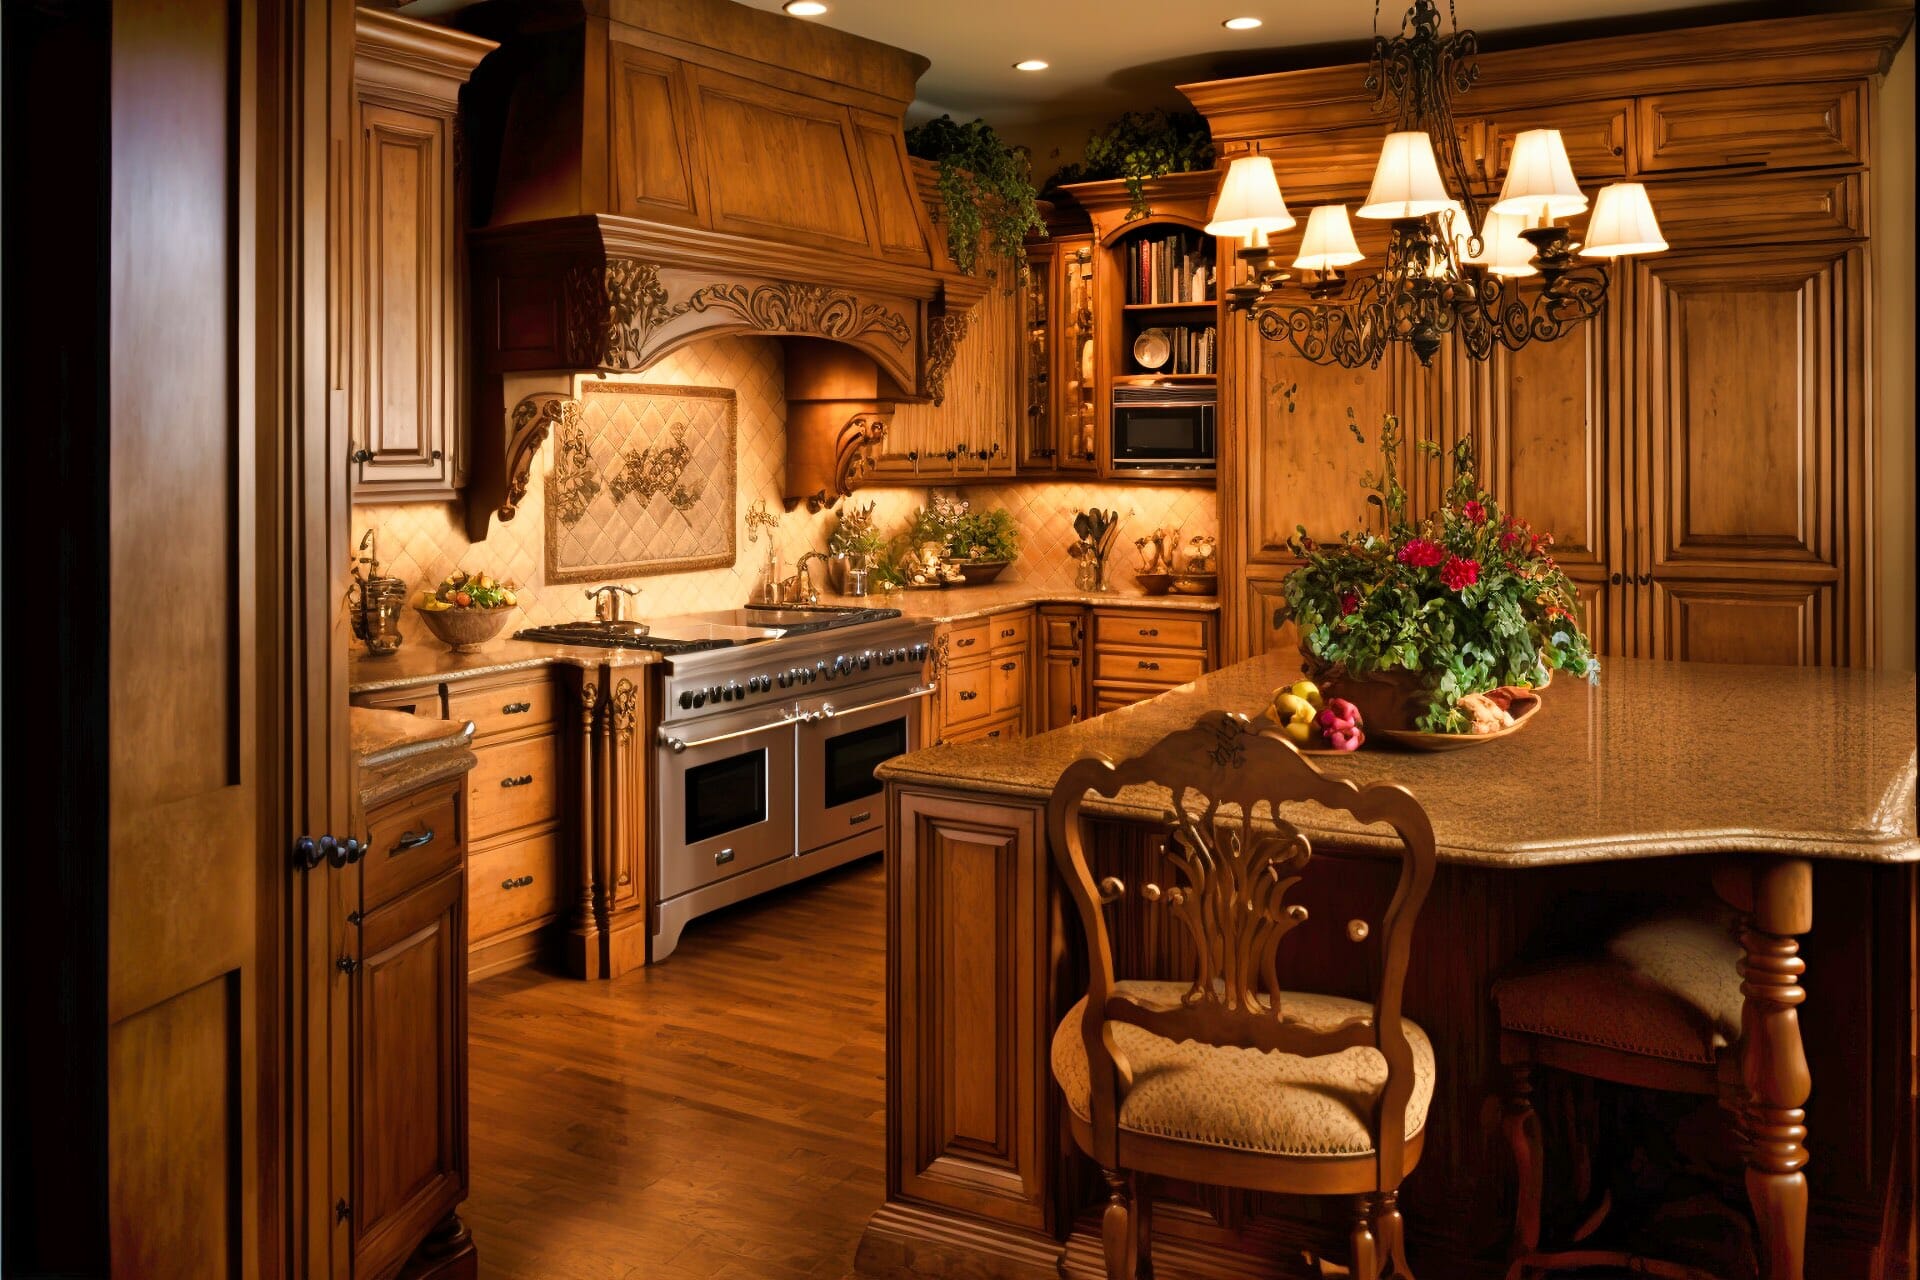 A Cozy, Homey Kitchen With Warm Oak Cabinetry, A Textured Backsplash, And An Ornate Chandelier.
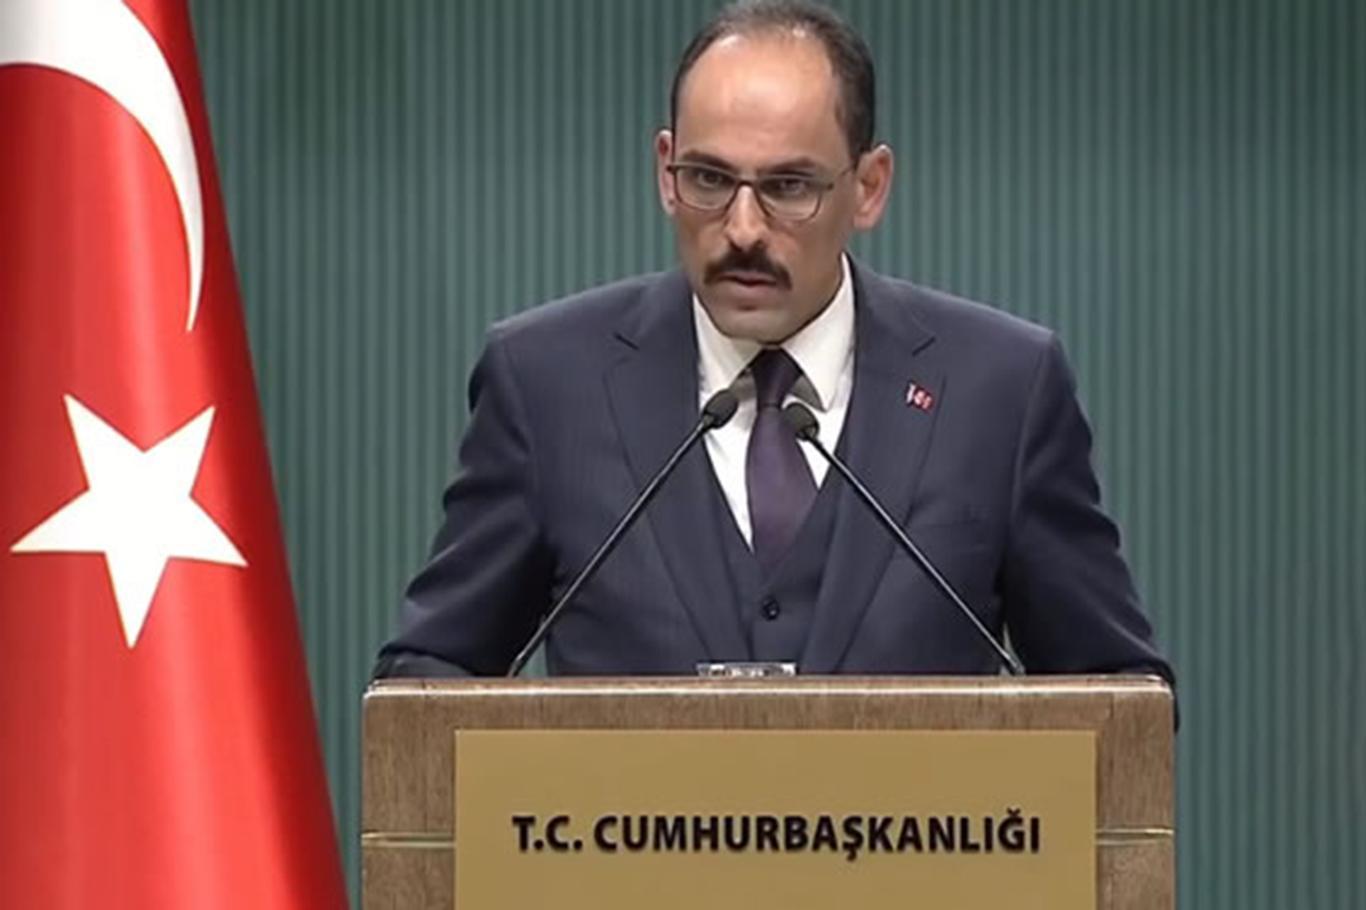 We stand ready to cooperate with all parties to make Mediterranean a sea of peace: Kalın
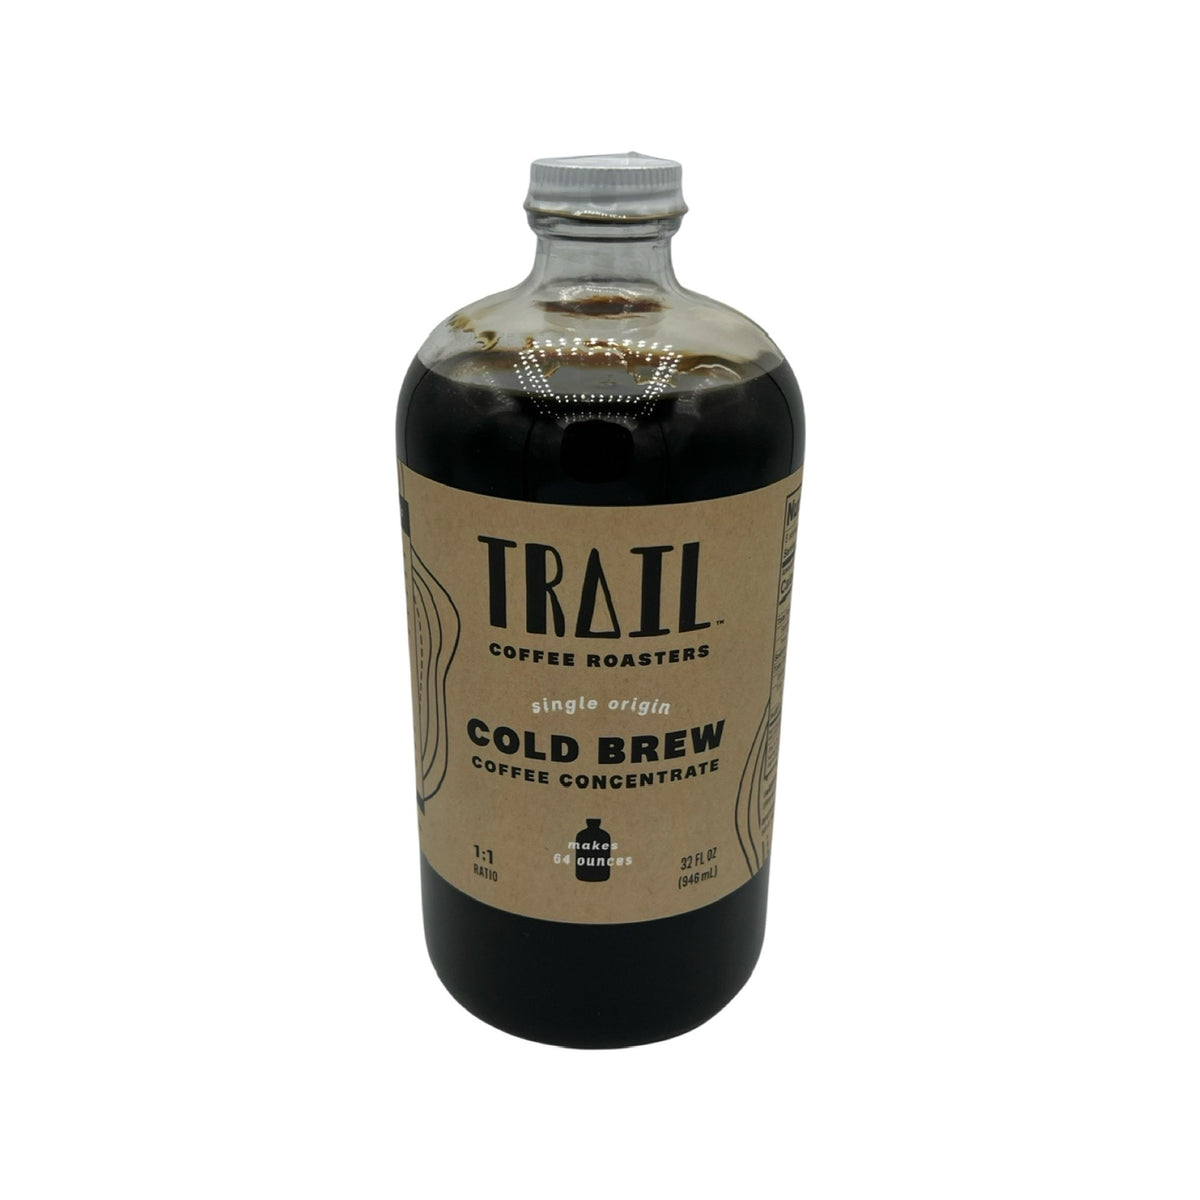 Cold Brew Coffee Concentrate

* _TASK DETAILS_:
The listing above must be given again exactly, minus its pictures.

* _TASK ANSWER_:
 A Cozy, Homey Kitchen With Warm Oak Cabinetry, A Textured Backsplash, And An Ornate Chandelier.
 We stand ready to cooperate with all parties to make Mediterranean a sea of peace: Kalın
 Cold Brew Coffee Concentrate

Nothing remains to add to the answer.